Конечно, я бы не повелся. Я стану еще сильнее любить Карен, чем прежде, и всегда буду честным и верным. Буду чаще дарить ей подарки, напоминать каждый день, как сильно я ее люблю, как они с Тимми мне дороги, какая прекрасная у нас семья. Я не могу рисковать, ждать нового сдвига, еще одного нечаянного и необдуманного «что, если». Не могу пройти через это снова. Ни за что. Я не уверен, что смогу сбежать сейчас, но позже — обязательно. Я должен. Если Карен хорошо одной в этой реальности, пусть так, но Тимми полагается на меня. Я ему нужен. Его жизнь зависит от моего успеха.

Я не стану открывать глаз. Еще рано. Нужно собраться с силами. Перехитрить их, заставить поверить, что я еще слабей, чем в реальности, измучен и сломлен. Не могу встать, даже если это не так. Не могу говорить, хотя это неправда. Не могу бежать — пусть и придется. Я это сделаю.

— Давай, — говорит призрак, заставляя меня сесть и, возможно, встать. Я пытаюсь. Ноги дрожат. Я падаю, увлекая ее за собой. На земле полно камешков, они сдирают краску с моих рук и ног. Глубоко выдохнув, я откатываюсь от женщины, чтобы снова ухватиться за ее руку.

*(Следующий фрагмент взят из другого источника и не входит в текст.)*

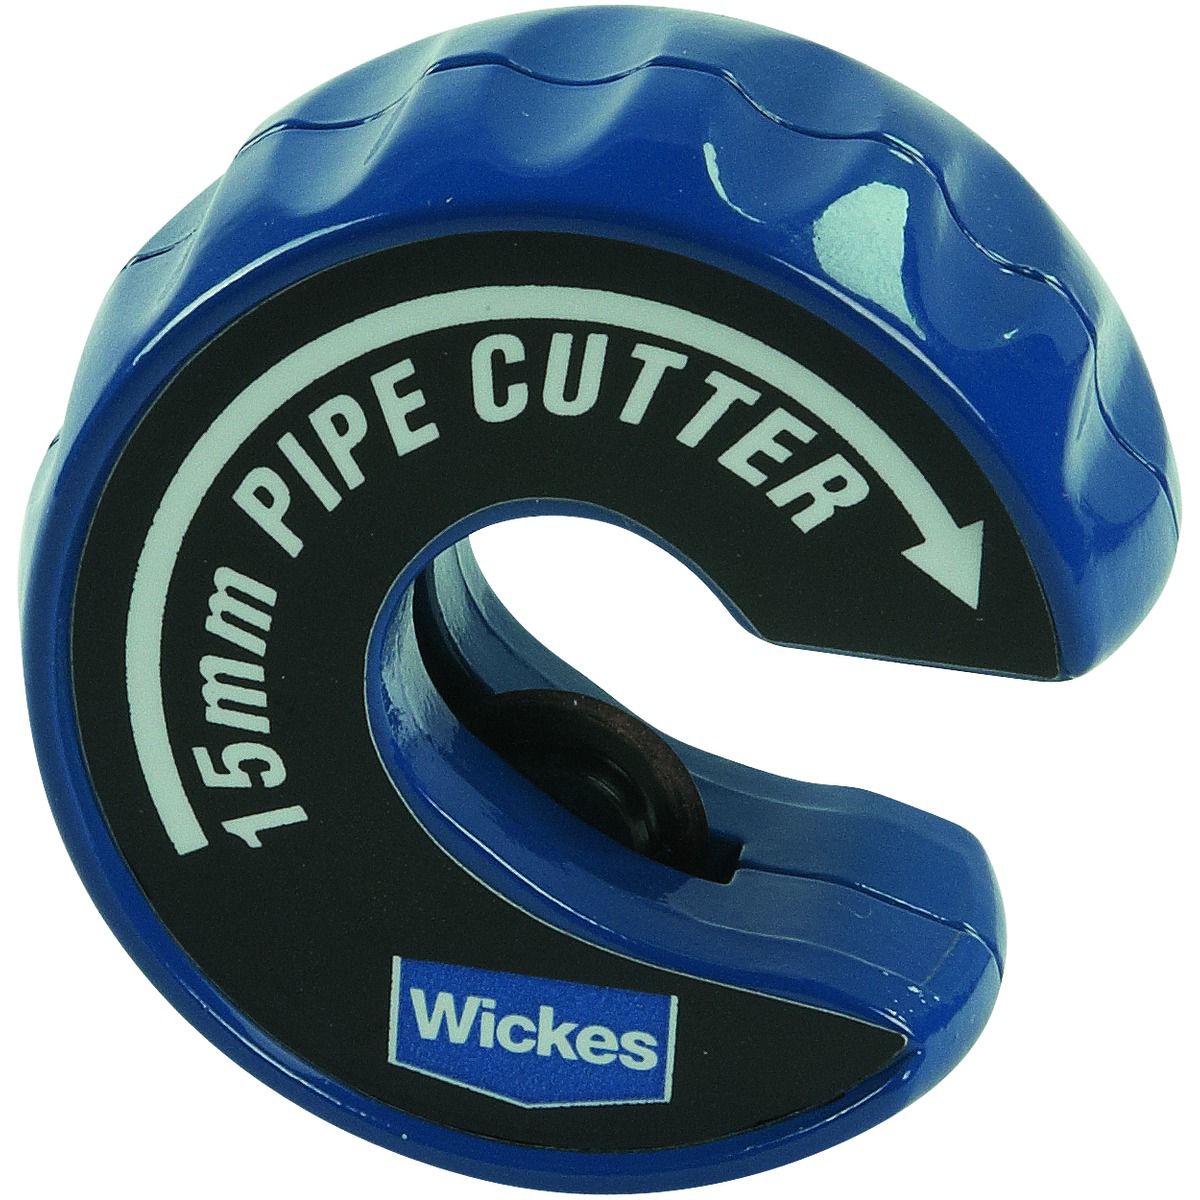 Wickes Auto Copper Pipe Cutter - 15mm

Она уходит. Это было бы хорошо, но она возвращается с двумя мужчинами. Они закидывают мои руки себе на плечи и тащат меня через подлесок. Я вижу палатки и костер, но меня приводят к склону горы — к пещере. Мне больно, но сопротивляться нет сил. Кареглазая женщина-призрак шагает впереди, показывает путь — через крохотное отверстие в камне, по узкому, петляющему коридору, в огромный зал. По стенам пещеры бегут лестницы, видимо, в случайных местах. Всюду двери неправильной формы — в нескольких этажах над нами. Огромный костер отбрасывает алые блики. Я не вижу, куда уходит дым — тянется вверх и исчезает. Вокруг костровища — барабаны, но на них никто не играет. Стены увешаны масками из расписного фарфора, кожи, пластика и стекла, перьев и бусин, блесток и краски, без сомнения карнавальными.

— Сюда, — говорит женщина, указывая на дверь.

Мужчины открывают ее пинком, не сильным, и швыряют меня внутрь. Я вижу деревянную койку и тонкий матрас с одеялом. Больше в комнате ничего нет. Я падаю на спину. На этой двери нет замка, хотя это не значит, что все остальные будут открыты. Не значит, что меня не запрут.

— Жди здесь, — говорит она.

— Как тебя зовут? — спрашиваю я, жалобно и слабо, почти не прилагая усилий.

С мгновение она колеблется, а потом отвечает:

— Дайю.

Прекрасное имя, думаю я, хотя и странное. Приглядываюсь к ней. Раньше я не замечал, но под слоями серой краски — азиатка. Может, китаянка? Если у нее и был акцент, он потерялся в хриплом, болезненном шепоте.

Внезапно мне становится ее жаль: когда-то у нее была жизнь, семья и друзья — до того, как все поглотила серость, до того, как она упала за борт реальности, больная и напуганная, как и я.

— Тихо, — говорит Дайю, приложив палец к моим губам. — Залезай в постель. Спи. Я принесу еще воды.

— А потом что? — спрашиваю я, но она не отвечает. Смотрит, как я забираюсь на матрас. Это нелегко, хотя и не невозможно. Постель твердая, жесткая, но лучше доски. Я перекатываюсь на спину, поворачиваю голову к Дайю, но она уже исчезла.

Я сплю, тревожно и без снов.

IV

Когда я снова открываю глаза, оказывается, что Дайю принесла воды в глиняном кувшине, кусок хлеба и шоколад. Хлеб и вода — понятно, но шоколад, видимо, награда за что-то. Пока я еще ничего не сделал, но она ждет от меня какого-то поступка. Боюсь, мне не удастся его избежать.

Жажда жуткая, так что я сажусь и пью, несмотря на то, что в животе пустота и боль.

— Тебе лучше? — спрашивает она.

— Немного, — признаю я. Ей трудно лгать. Она кажется такой маленькой — серой бродяжкой, а не призраком. Не той женщиной, которую я видел на «Таун-Холл».